Подождите… А вот пойду сейчас домой и прочту. Просто прочту в память о друге. Прочту как писатель писателя.
Легко сказать! Дома отечная, несчастная моя невестка пыталась кормить грудью больного моего внука. Мальчик, удивительно похожий на лягушку, когда ее положили брюшком вверх и растянули ей лапки, приготовляясь к опытам, грудь не брал, почти не плакал, только чуть-чуть всхлипывал и смотрел вбок крупными, выпуклыми, подернутыми болотной ряской глазами. Мой сын ходил размашистыми, грузными и какими-то, можно сказать, урожайными, да-да, именно урожайными шагами по квартире, сбивая мелкую коридорную утварь — вроде подставочки для обуви и ведерка для зонтов. Жена моя, еще недавно моложавая, с ногами, похожими на факелы, когда их поднимали гордо над землей длинные древки каблуков, постарела буквально в несколько дней; она, как ребенок, заплетала в косички бахрому на оранжевом абажуре. Под теплой, привычной, кухонной юбкой абажура светился пирог с мясом и тускло отливали солью сухарики к пиву.
Пока я летал в Тбилиси, движимый дружбой, врачи стали терять надежду на спасение моего внука. А мне, оказывается, поминутно звонили из редакции, проверяя, не вернулся ли я еще, а если вернулся, то пусть немедленно, не откладывая ни секунды, мчусь на работу.

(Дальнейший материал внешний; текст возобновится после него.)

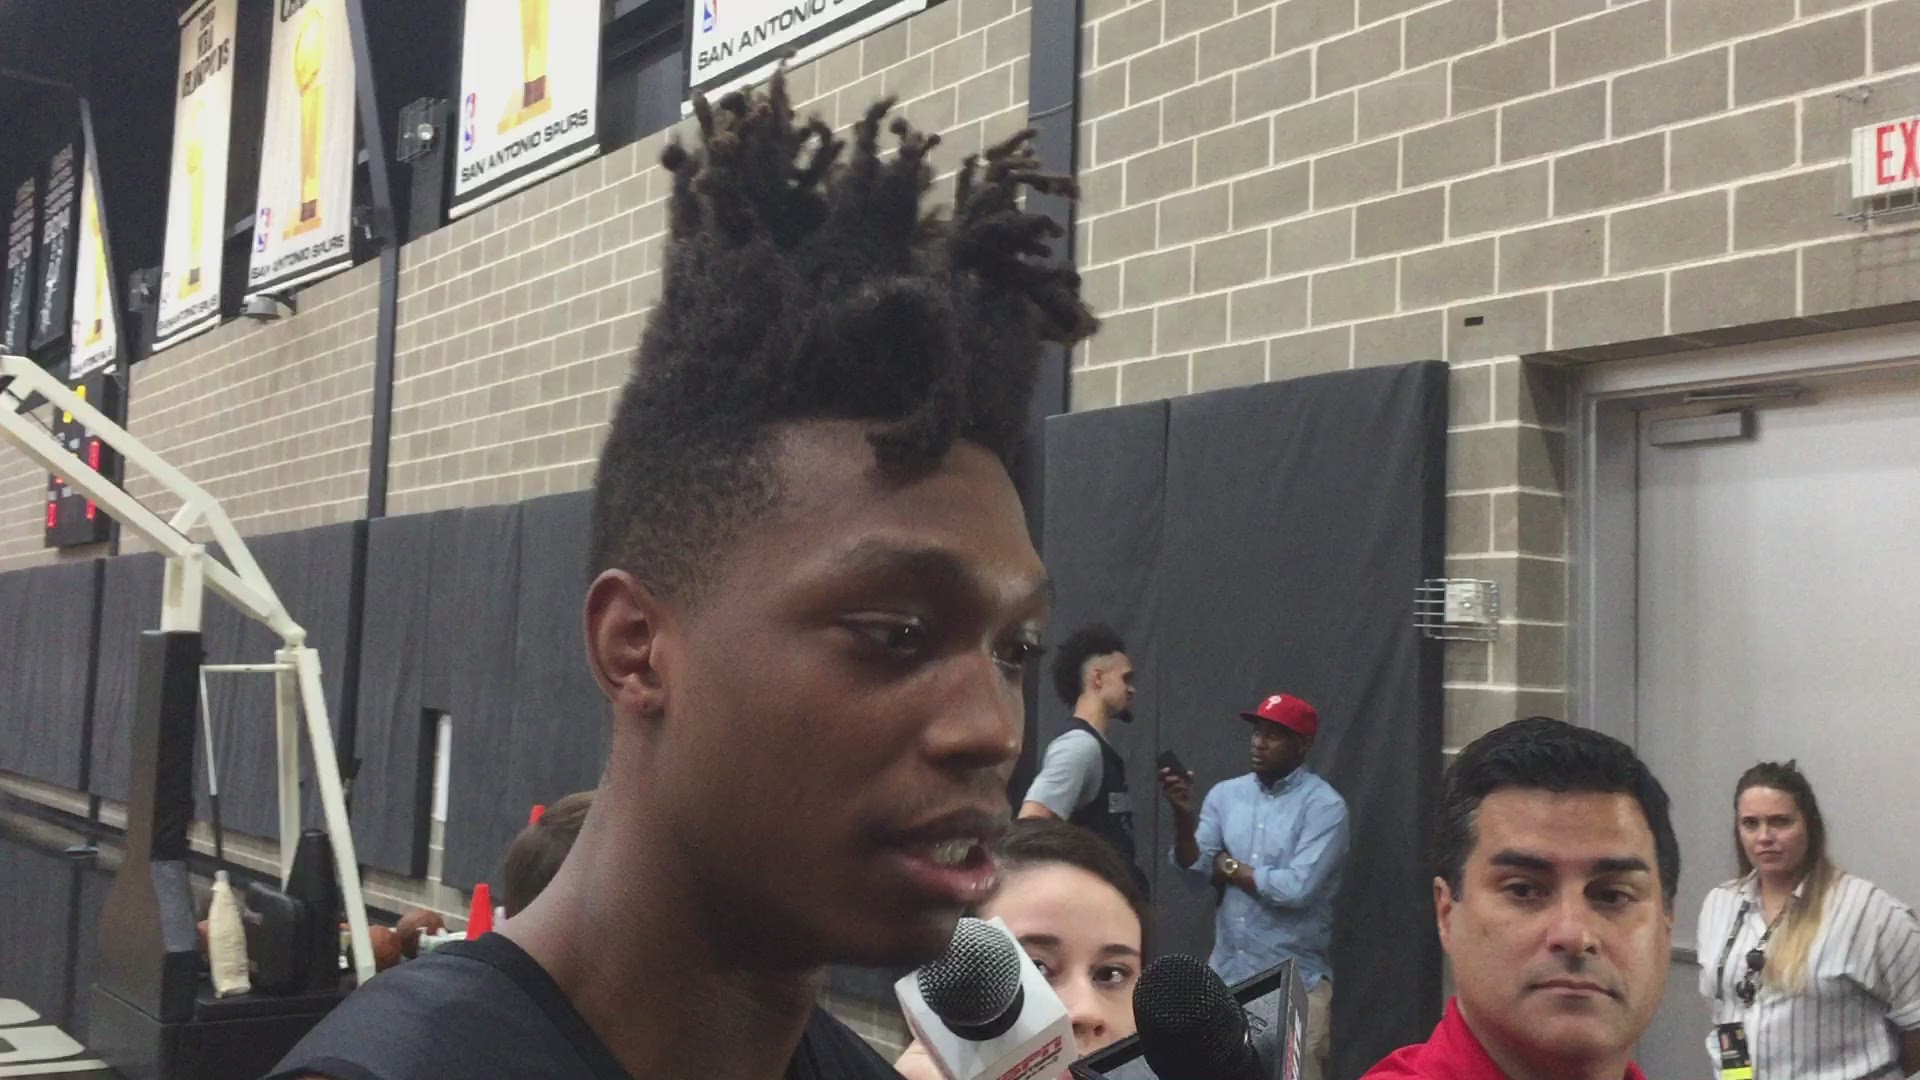 Spurs first-round draft Lonnie Walker IV on getting to work

Примчался. Оказывается, наша газета обанкротилась. То есть совершенно. То есть нечем платить зарплату. Корректорши, ликуя, плюют в лицо главному редактору, о чем они мечтали со дня поступления на работу. Уборщица, которая отродясь не убирала, а только делала всем замечания, чтобы не мусорили, разодета в лиловые уборочные перчатки и, стряхивая дезинфицирующую пыльцу со своей инфернальной резины, отчитывает членов редколлегии, ставит их, значит, в известность, что газету нужно делать прибыльную, процветающую и преуспевающую, а не убыточную, а то все тут очень грамотные стали, а до подписчиков и дела никакого нет. Но самым замечательным образом проявляет себя приемщик объявлений: он тихо и покаянно заявляет, что газета наша всегда была коррумпирована и что даже его, кристального человека, один раз склонили к финансовому нарушению, убедив принять бесплатное объявление об утреннике в доме престарелых. И это говорит приемщик объявлений, тогда как все в редакции знают, что он половину получаемых за объявления денег просто сразу, не стесняясь посторонних, запихивает себе в карманы, а потом вынимает и обнюхивает и снова запихивает и в карманы, и в другие потаенные места, приговаривая, что деньги пахнут, пахнут, пахнут, но очень приятно…
…Звонит мэр. Муниципалитет решает поддержать нашу уважаемую газету. Срочно назначается новый главный редактор. Выбор падает на меня. Падает, как дамоклов меч. Не знаю, справлюсь ли я с лавиной новых дел.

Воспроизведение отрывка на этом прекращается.